0.1.2 — Diffusers — releases.sh

These are the release notes of the 🧨 Diffusers library

Introducing Hugging Face's new library for diffusion models.

Diffusion models proved themselves very effective in artificial synthesis, even beating GANs for images. Because of that, they gained traction in the machine learning community and play an important role for systems like DALL-E 2 or Imagen to generate photorealistic images when prompted on text.
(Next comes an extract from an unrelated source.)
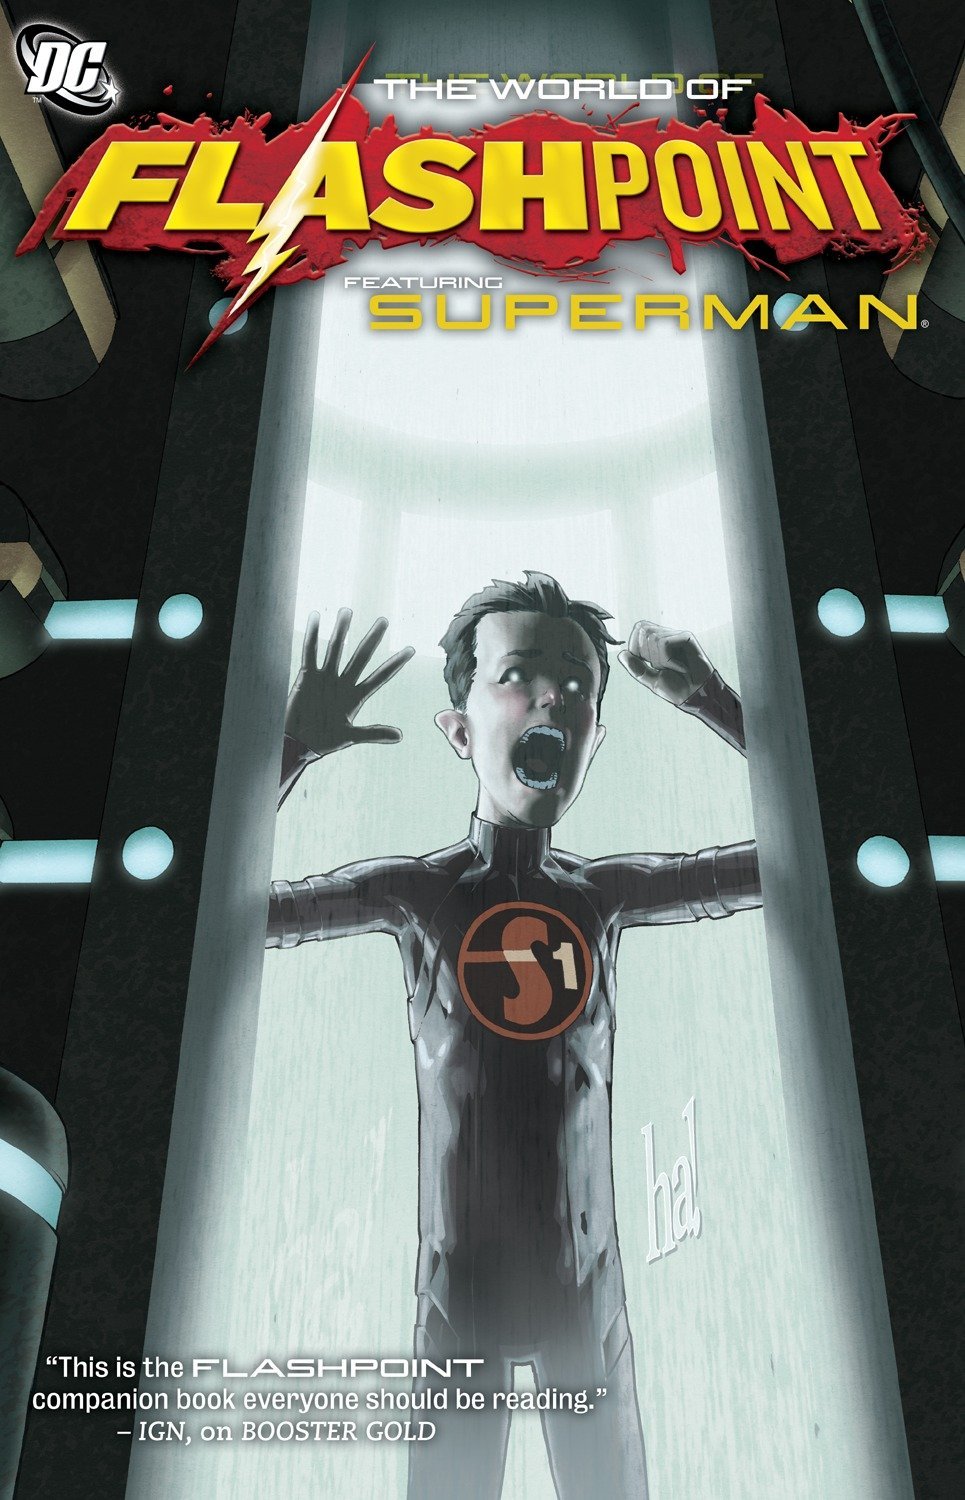 The World of Flashpoint Featuring Superman
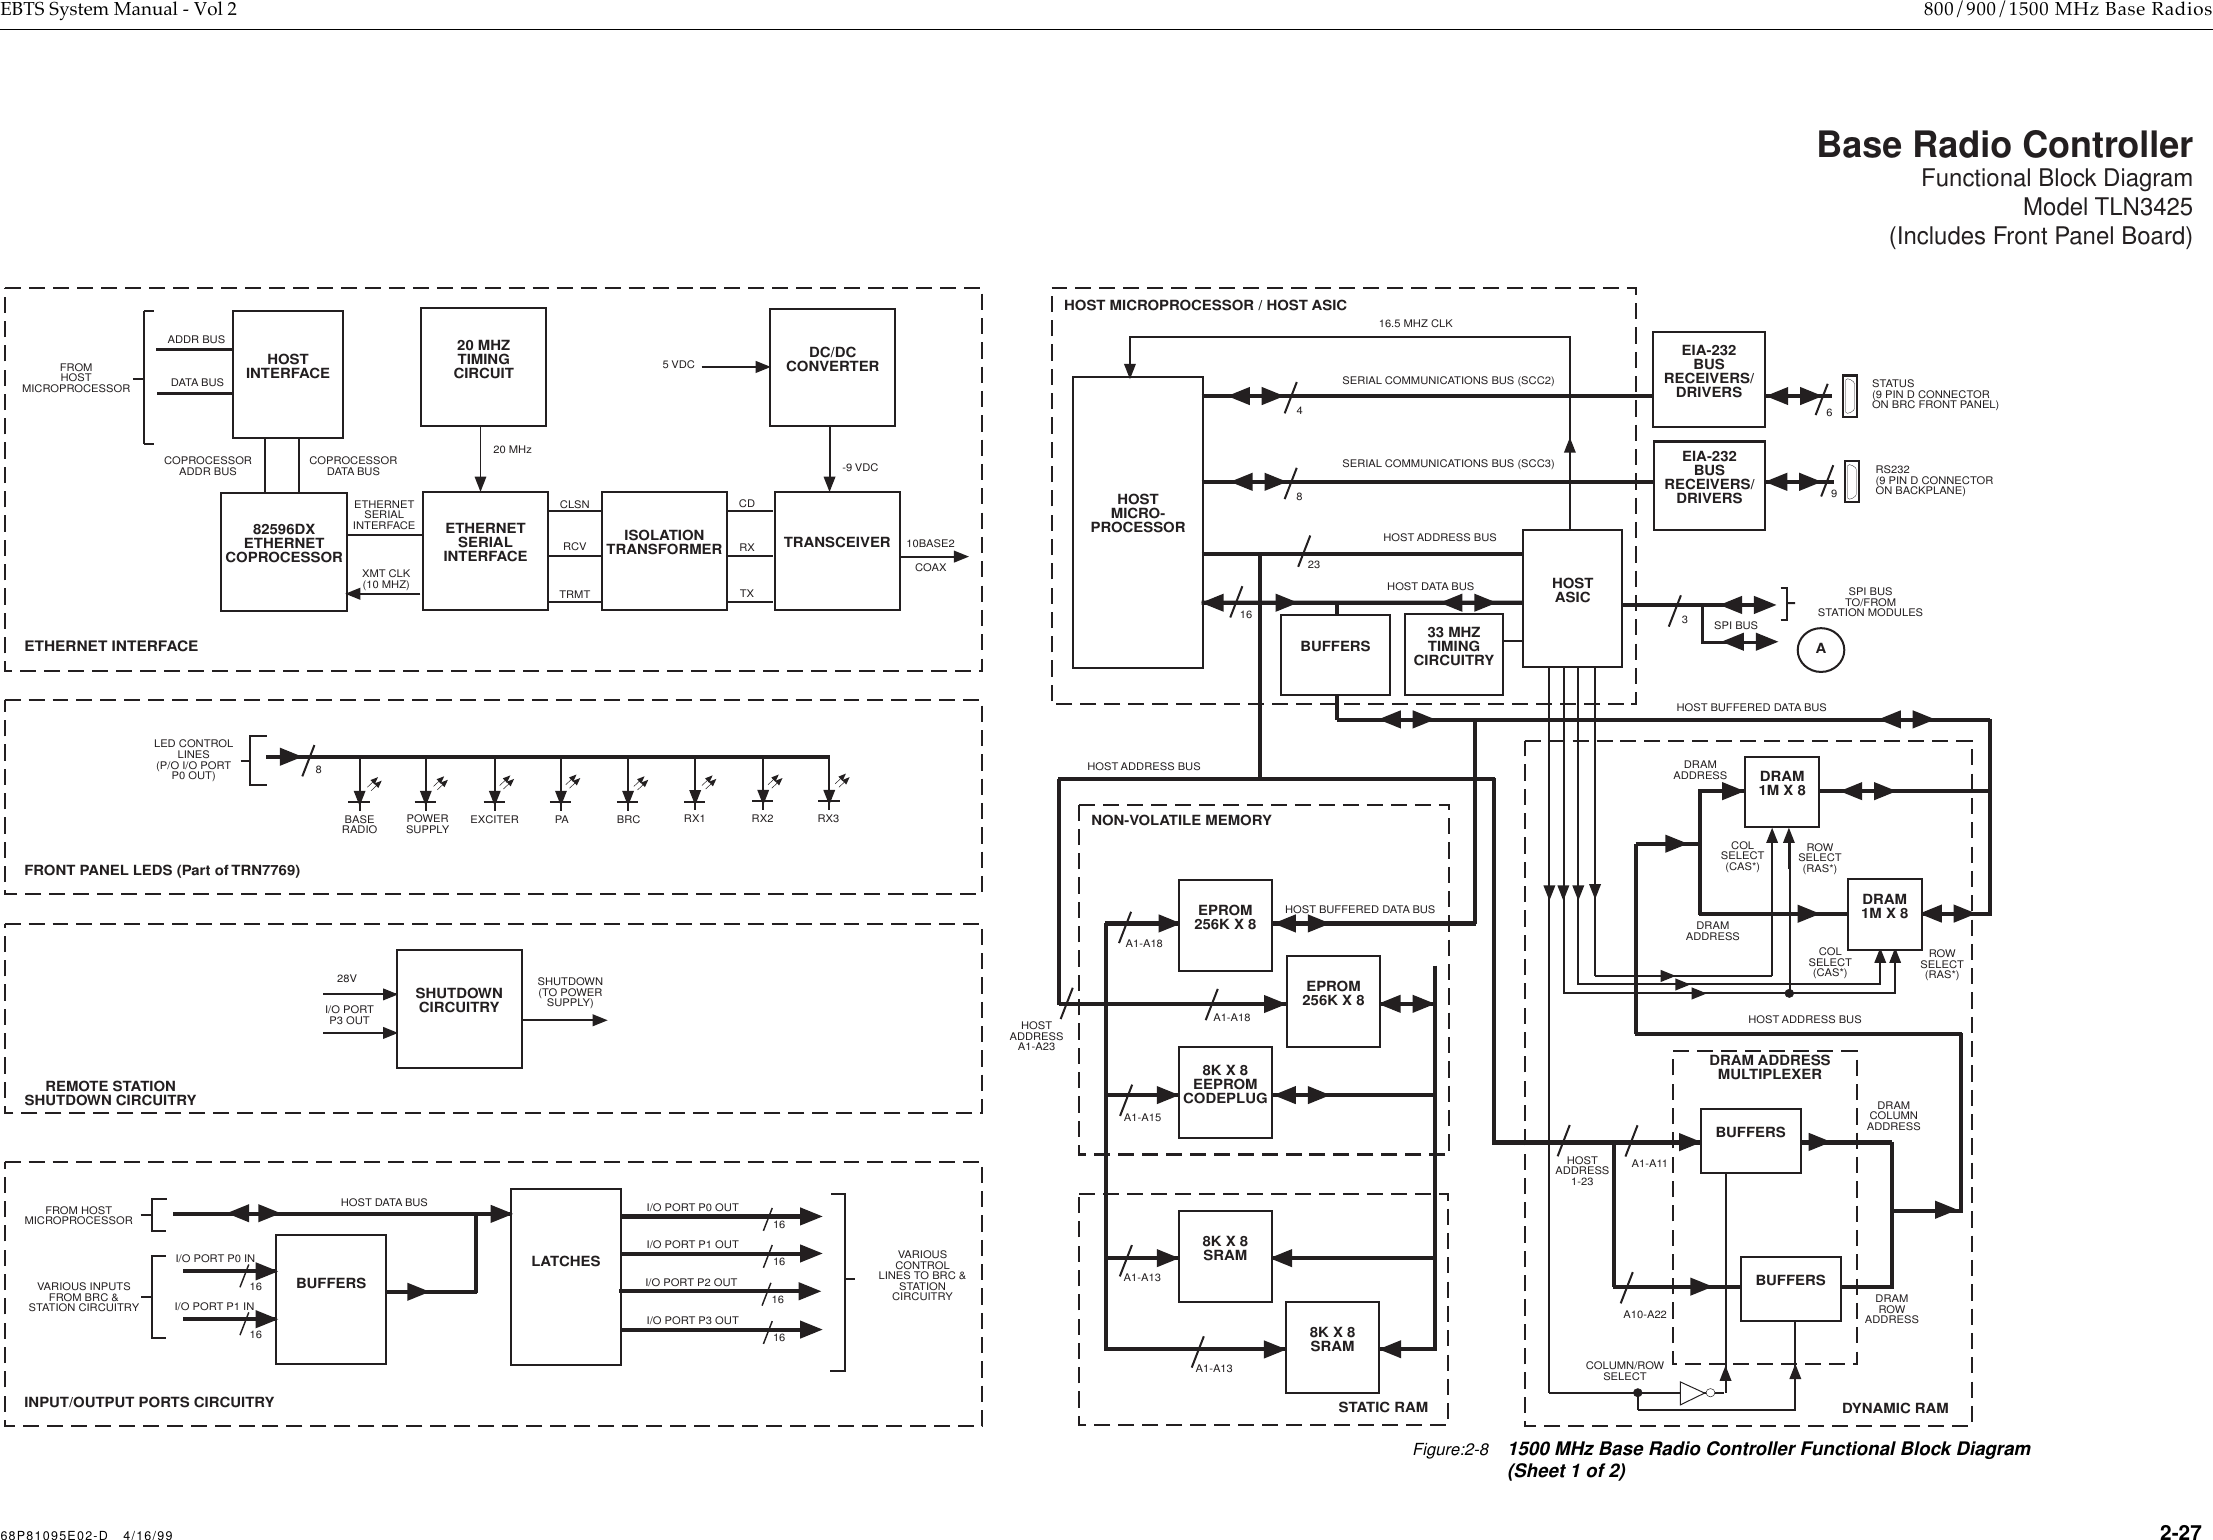  68P81095E02-D   4/16/99 2-27 EBTS System Manual - Vol 2 800/900/1500 MHz Base Radios  Base Radio ControllerFunctional Block DiagramModel TLN3425(Includes Front Panel Board)HOSTADDRESSA1-A23SERIAL COMMUNICATIONS BUS (SCC3)SERIAL COMMUNICATIONS BUS (SCC2)HOST BUFFERED DATA BUSHOST ADDRESS BUSHOST BUFFERED DATA BUSHOST ADDRESS BUSHOST DATA BUSDRAM ADDRESSMULTIPLEXERCOLUMN/ROWSELECTDRAMCOLUMNADDRESSDRAMROWADDRESSROWSELECT(RAS*)COLSELECT(CAS*)COLSELECT(CAS*)ROWSELECT(RAS*)DRAMADDRESSDRAMADDRESSHOSTASIC33 MHZTIMINGCIRCUITRYBUFFERSEPROM256K X 88K X 8EEPROMCODEPLUG8K X 8SRAM8K X 8SRAMA1-A11A10-A22A1-A18A1-A18A1-A1548EIA-232BUSRECEIVERS/DRIVERS69EPROM256K X 8SPI BUSSPI BUSTO/FROMSTATION MODULES3HOST ADDRESS BUSNON-VOLATILE MEMORYHOSTMICRO-PROCESSORHOST MICROPROCESSOR / HOST ASICDRAM1M X 8DRAM1M X 8HOSTADDRESS1-23EIA-232BUSRECEIVERS/DRIVERSDYNAMIC RAMVARIOUS INPUTSFROM BRC &amp;STATION CIRCUITRYINPUT/OUTPUT PORTS CIRCUITRYI/O PORT P0 INHOST DATA BUS I/O PORT P0 OUTI/O PORT P1 OUTI/O PORT P2 OUTI/O PORT P3 OUTVARIOUSCONTROLLINES TO BRC &amp;STATIONCIRCUITRYFROM HOSTMICROPROCESSORI/O PORT P1 INLATCHESBUFFERS161616161616REMOTE STATIONSHUTDOWN CIRCUITRYSHUTDOWN(TO POWERSUPPLY)28VI/O PORTP3 OUTFRONT PANEL LEDS (Part of TRN7769)LED CONTROLLINES(P/O I/O PORTP0 OUT)BASERADIO POWERSUPPLY EXCITER PA BRC RX1 RX2 RX38ETHERNET INTERFACECDRXTXCLSNRCVTRMTFROMHOSTMICROPROCESSORADDR BUSDATA BUSCOPROCESSORADDR BUS COPROCESSORDATA BUS10BASE2COAXETHERNETSERIALINTERFACE82596DXETHERNETCOPROCESSORETHERNETSERIALINTERFACE TRANSCEIVERAHOSTINTERFACEISOLATIONTRANSFORMERSHUTDOWNCIRCUITRYBUFFERSBUFFERS16.5 MHZ CLKDC/DCCONVERTER5 VDC-9 VDC231620 MHZTIMINGCIRCUIT20 MHzXMT CLK(10 MHZ)A1-A13A1-A13STATUS(9 PIN D CONNECTORON BRC FRONT PANEL)RS232(9 PIN D CONNECTORON BACKPLANE)STATIC RAMFigure:2-81500 MHz Base Radio Controller Functional Block Diagram (Sheet 1 of 2)

While the most prolific successes of diffusion models have been in the computer vision community, these models have also achieved remarkable results in other domains, such as:

and more.

Goals

The goals of diffusers are:

to centralize the research of diffusion models from independent repositories to a clear and maintained project,
to reproduce high impact machine learning systems such as DALLE and Imagen in a manner that is accessible for the public, and
to create an easy to use API that enables one to train their own models or re-use checkpoints from other repositories for inference.

Release overview

Quickstart:

For a light walk-through of the library, please have a look at the Official 🧨 Diffusers Notebook.
To directly jump into training a diffusion model yourself, please have a look at the Training Diffusers Notebook

Diffusers aims to be a modular toolbox for diffusion techniques, with a focus the following categories:

:bullettrain_side: Inference pipelines

Inference pipelines are a collection of end-to-end diffusion systems that can be used out-of-the-box. The goal is for them to stick as close as possible to their original implementation, and they can include components of other libraries (such as text encoders).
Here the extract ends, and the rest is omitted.